[INFORMATION SUPPLIED — start]

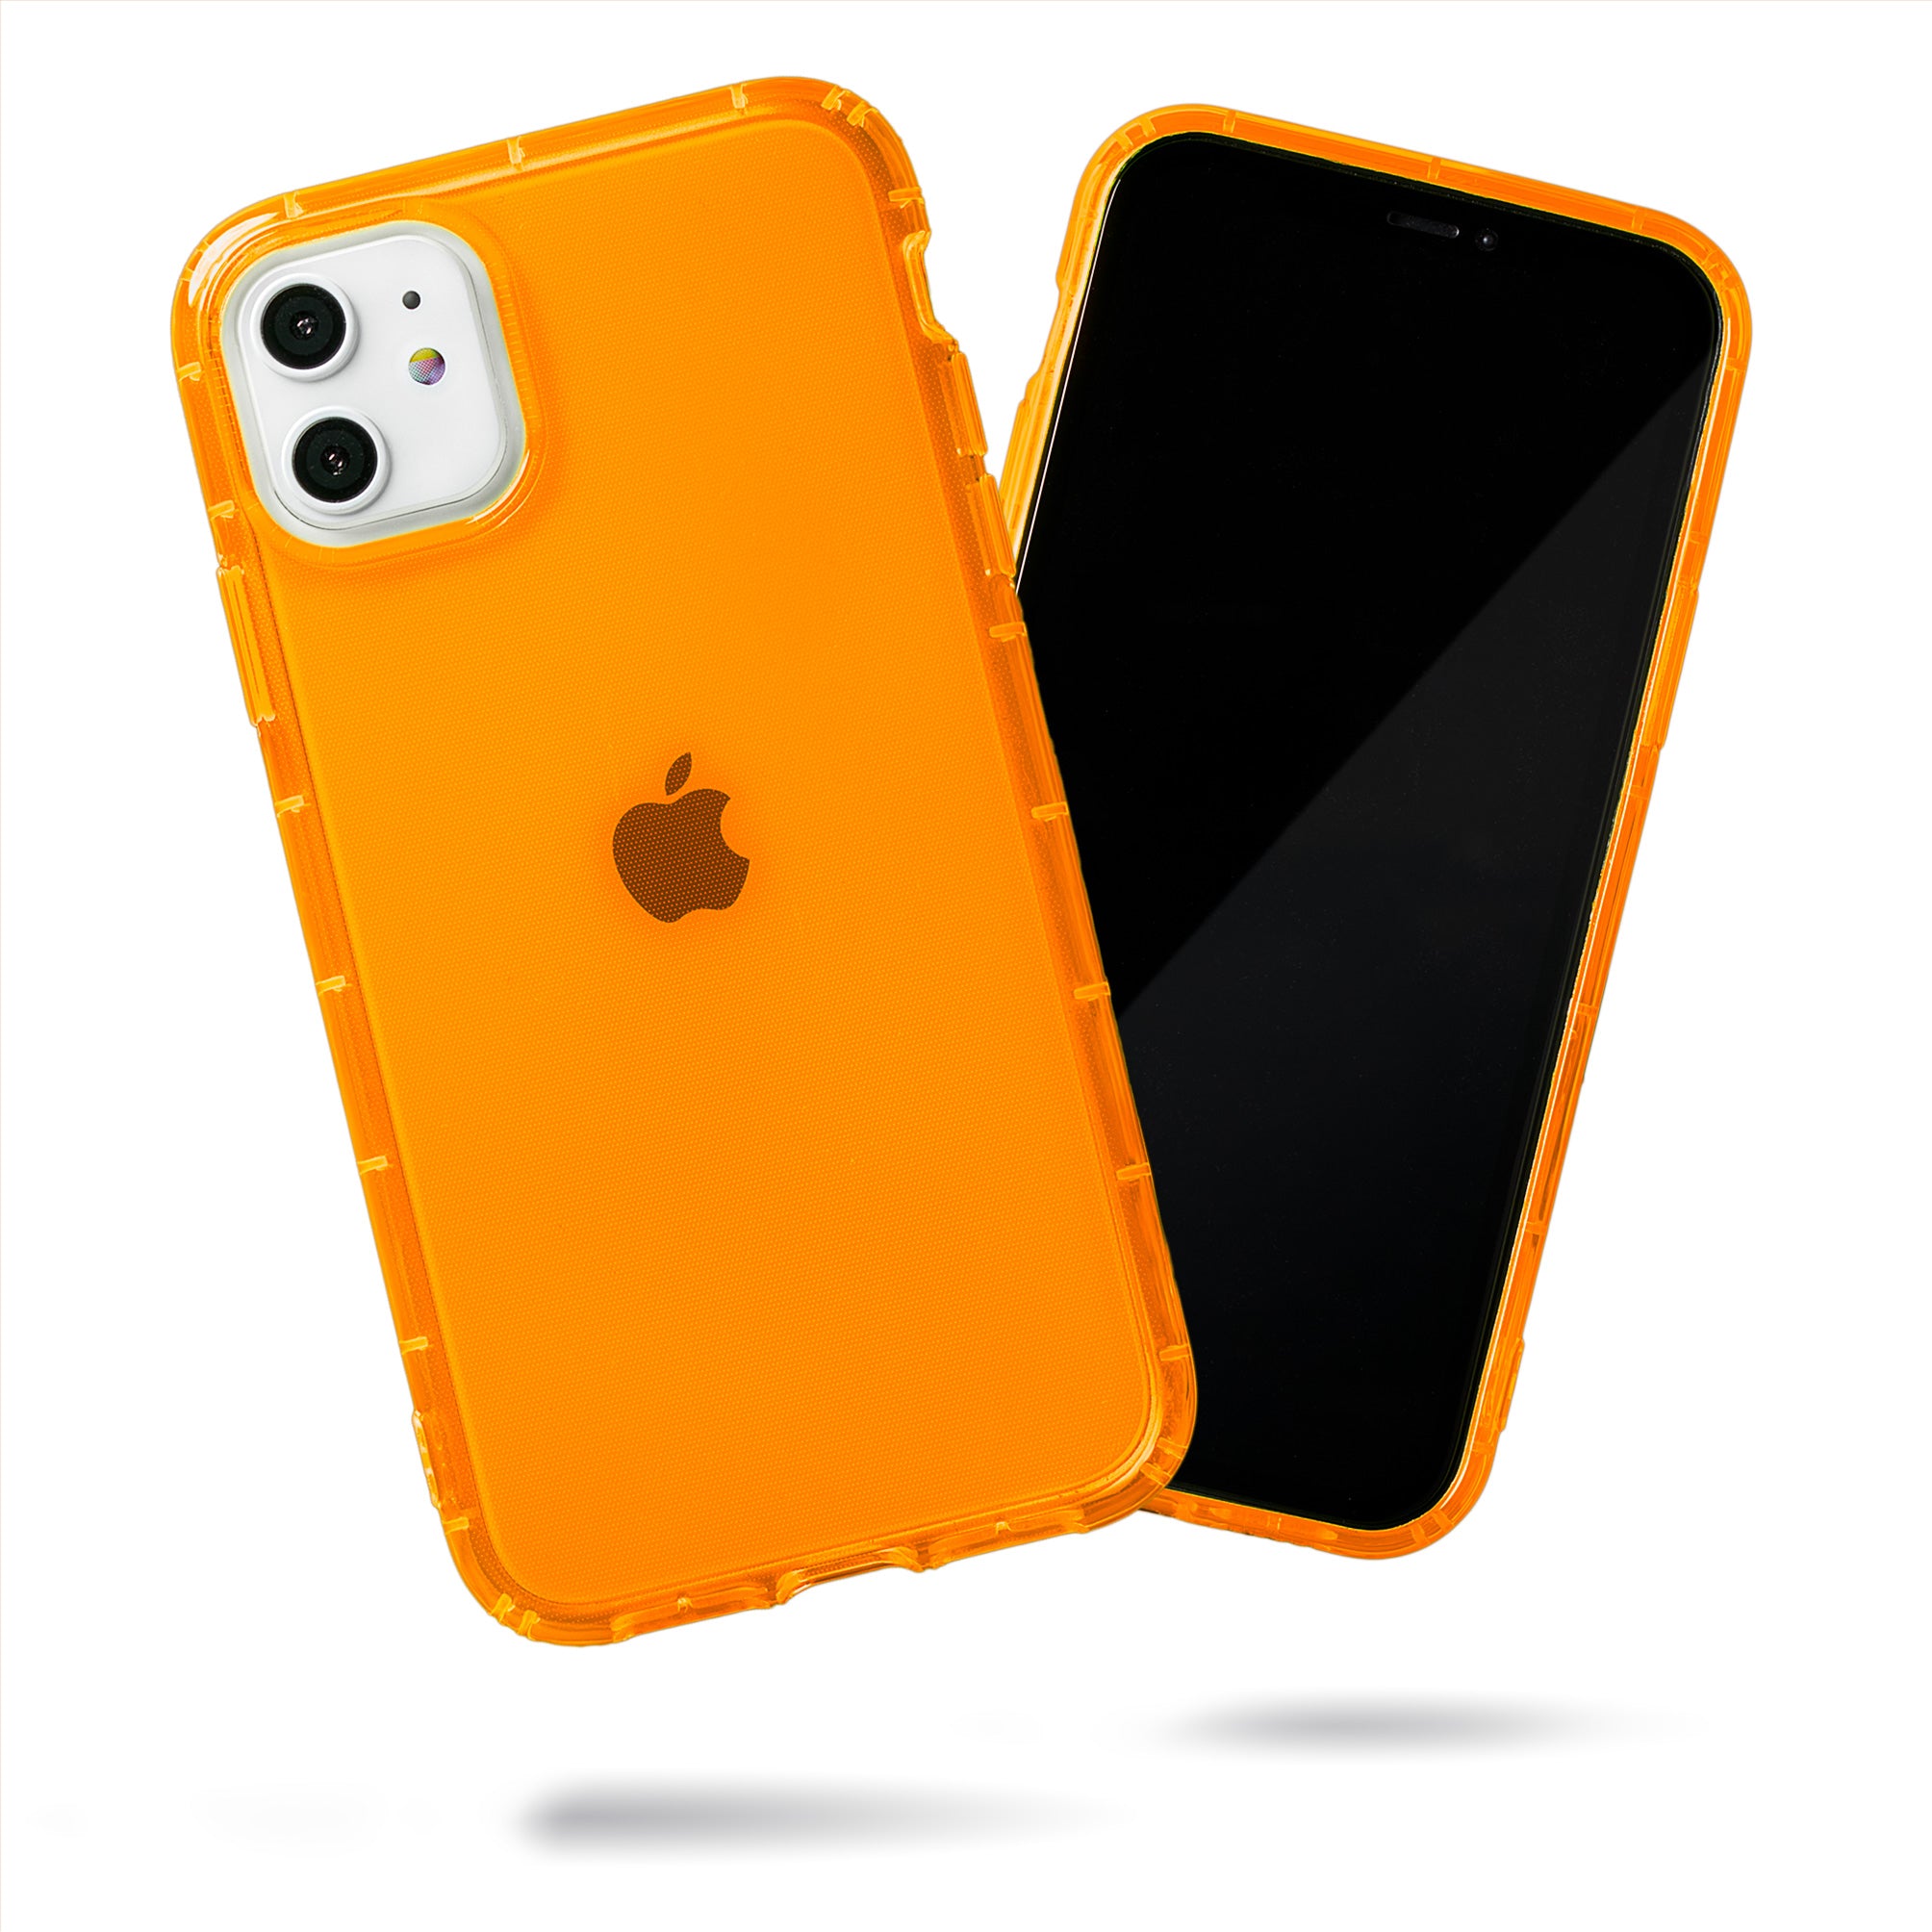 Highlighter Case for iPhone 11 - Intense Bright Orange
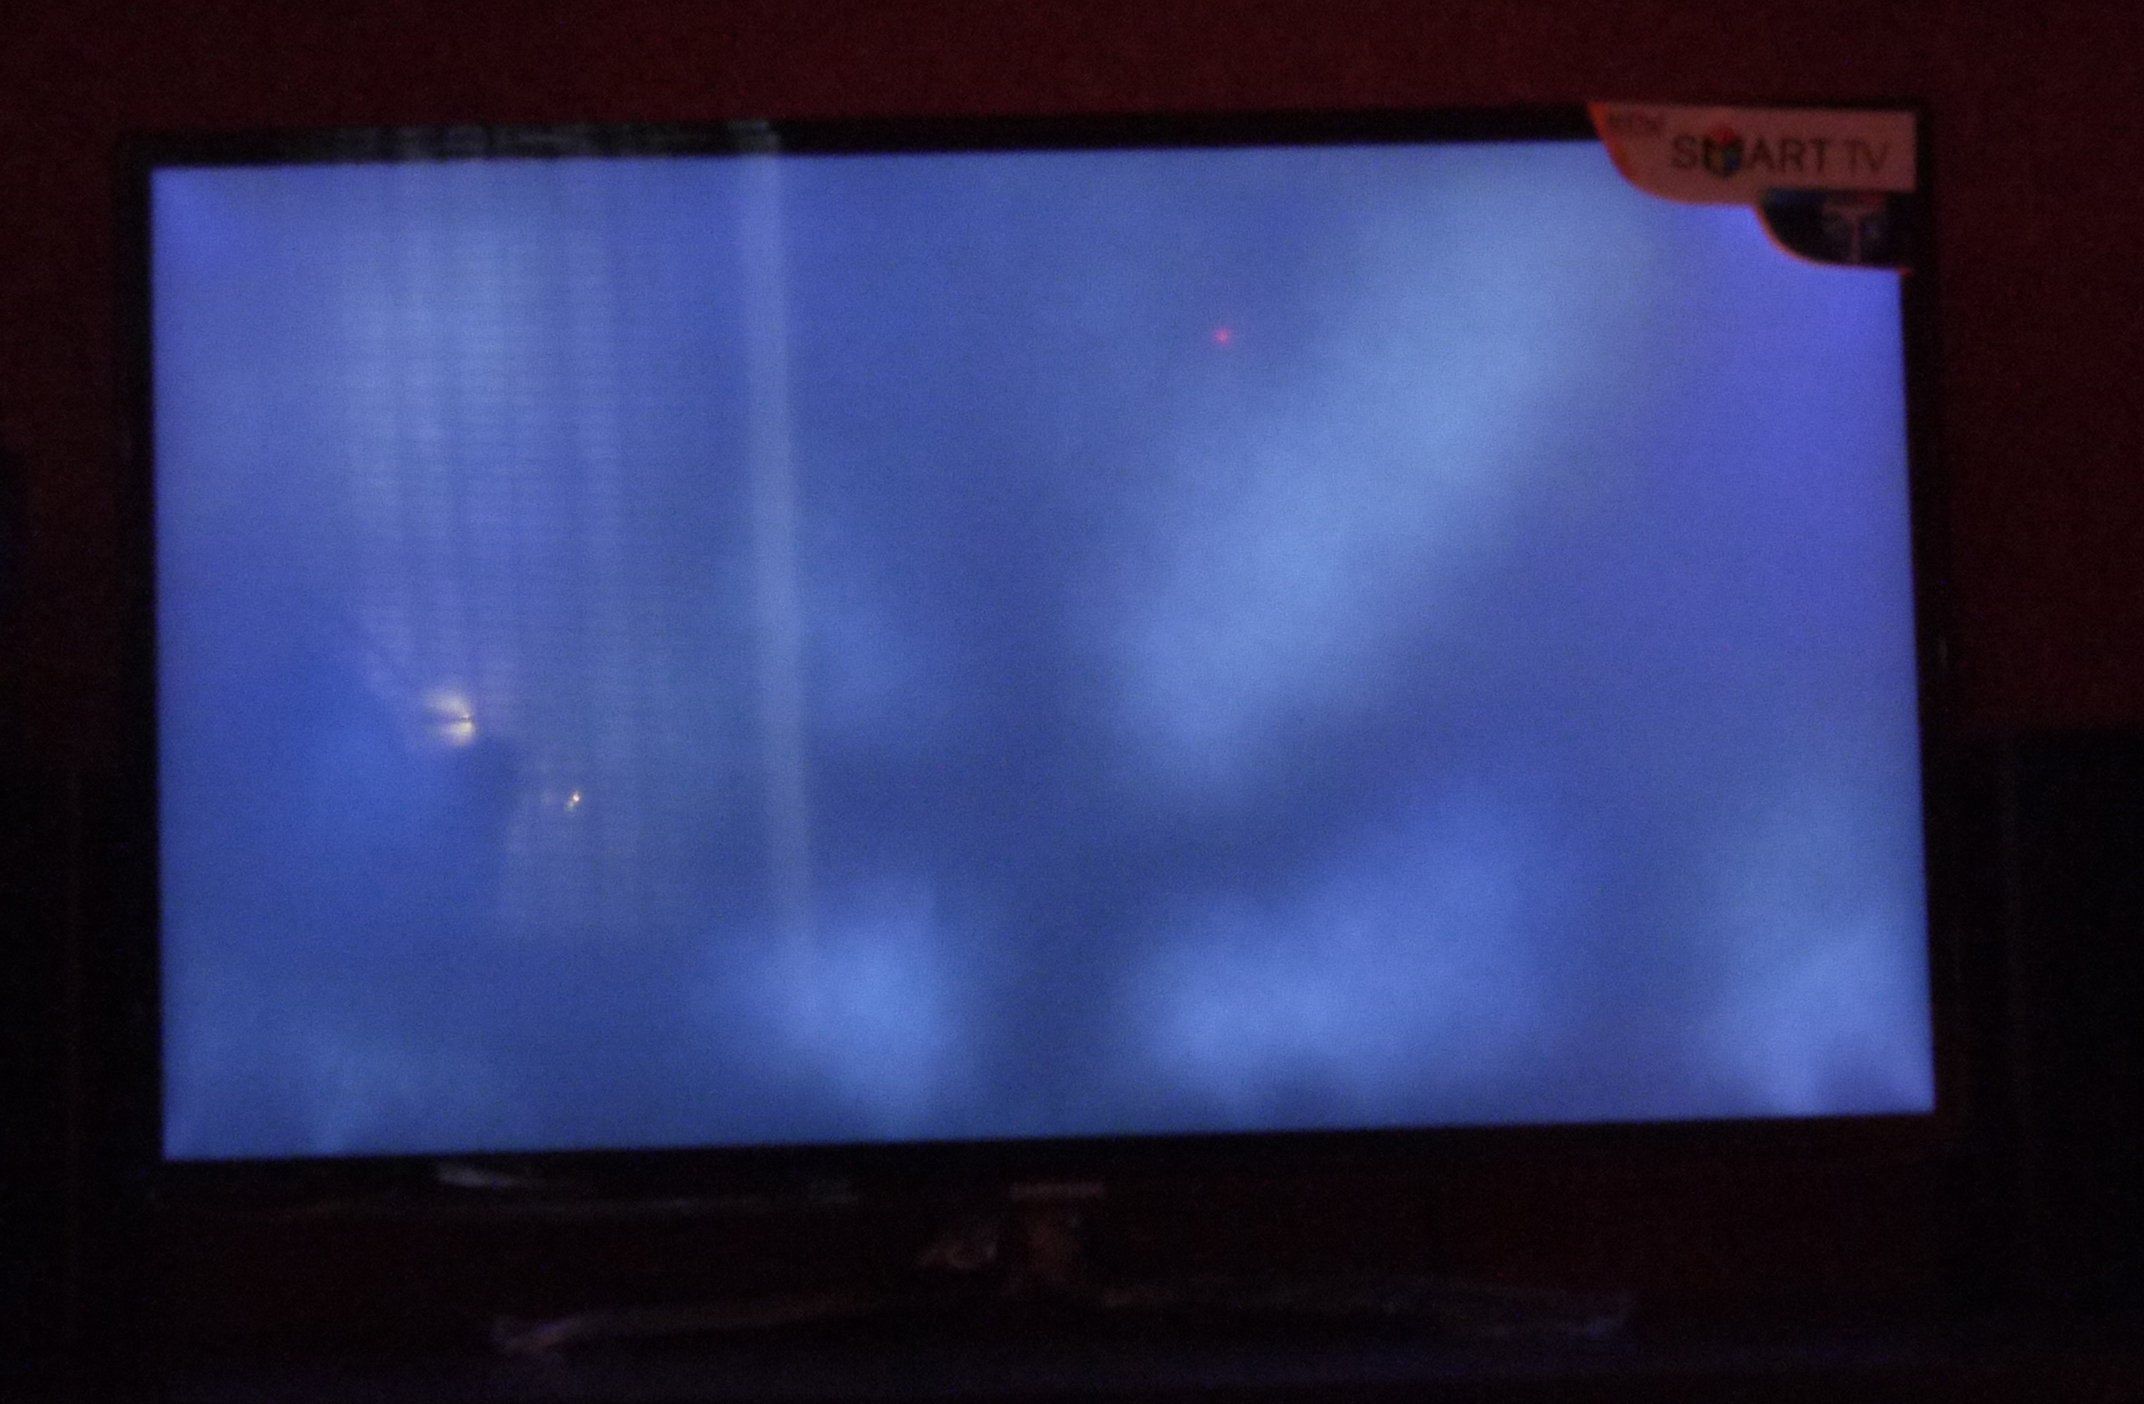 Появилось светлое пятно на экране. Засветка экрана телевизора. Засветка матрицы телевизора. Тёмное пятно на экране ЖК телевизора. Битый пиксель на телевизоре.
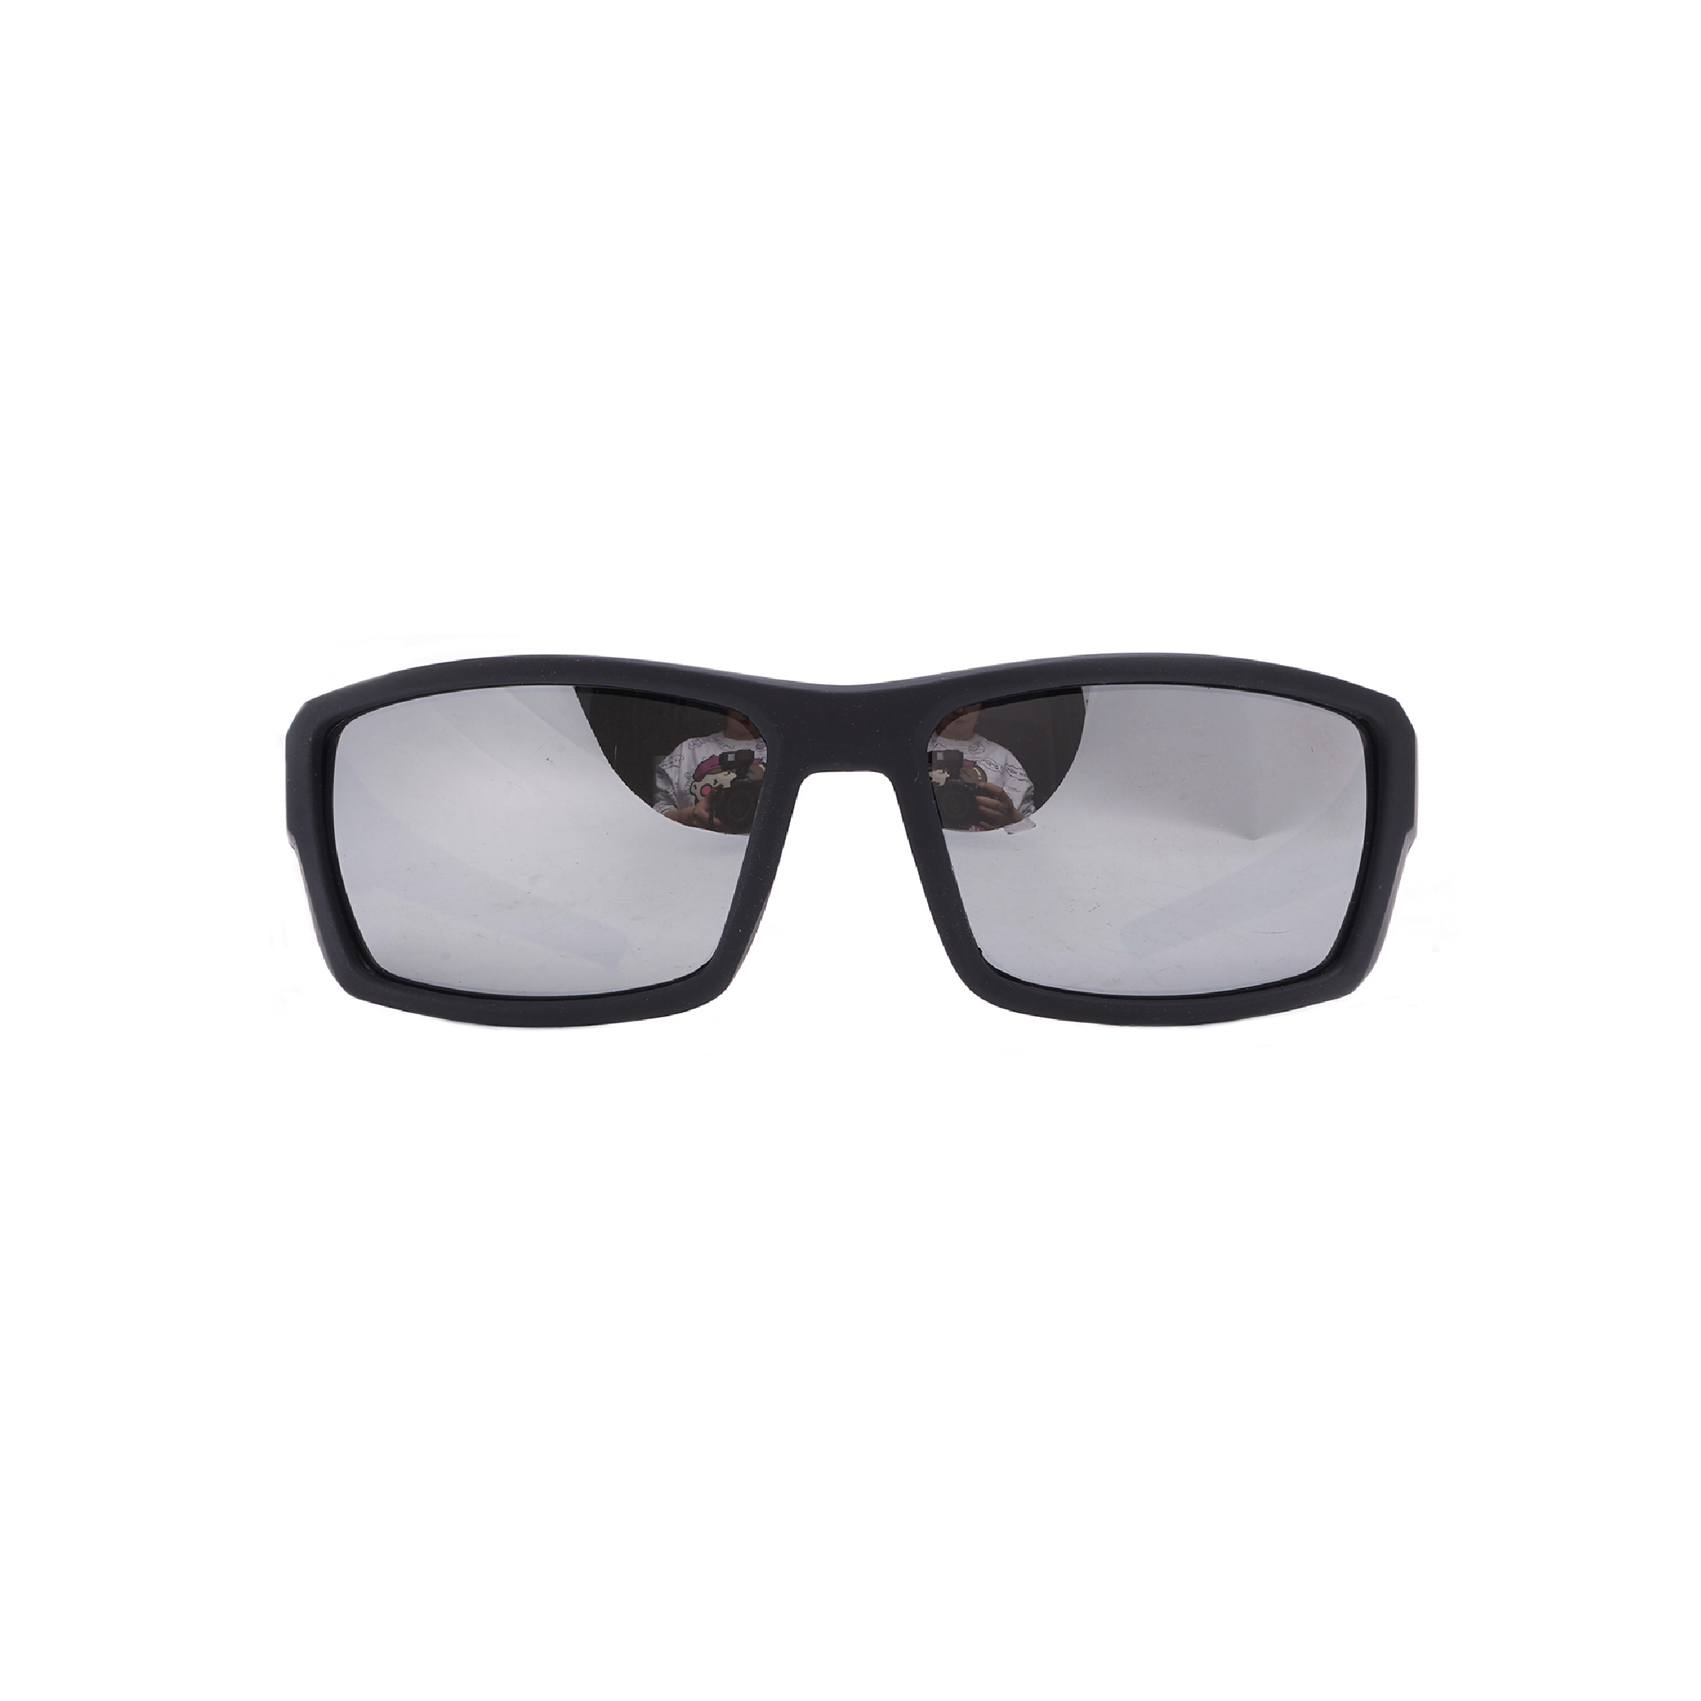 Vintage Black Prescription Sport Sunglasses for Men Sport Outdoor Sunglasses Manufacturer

[INFORMATION SUPPLIED — finish]

### ACTIVITY
Go through the lines above and write each one out verbatim, skipping the pictures.

### WRITTEN REPLY
 Highlighter Case for iPhone 11 - Intense Bright Orange
 Появилось светлое пятно на экране. Засветка экрана телевизора. Засветка матрицы телевизора. Тёмное пятно на экране ЖК телевизора. Битый пиксель на телевизоре.
 Vintage Black Prescription Sport Sunglasses for Men Sport Outdoor Sunglasses Manufacturer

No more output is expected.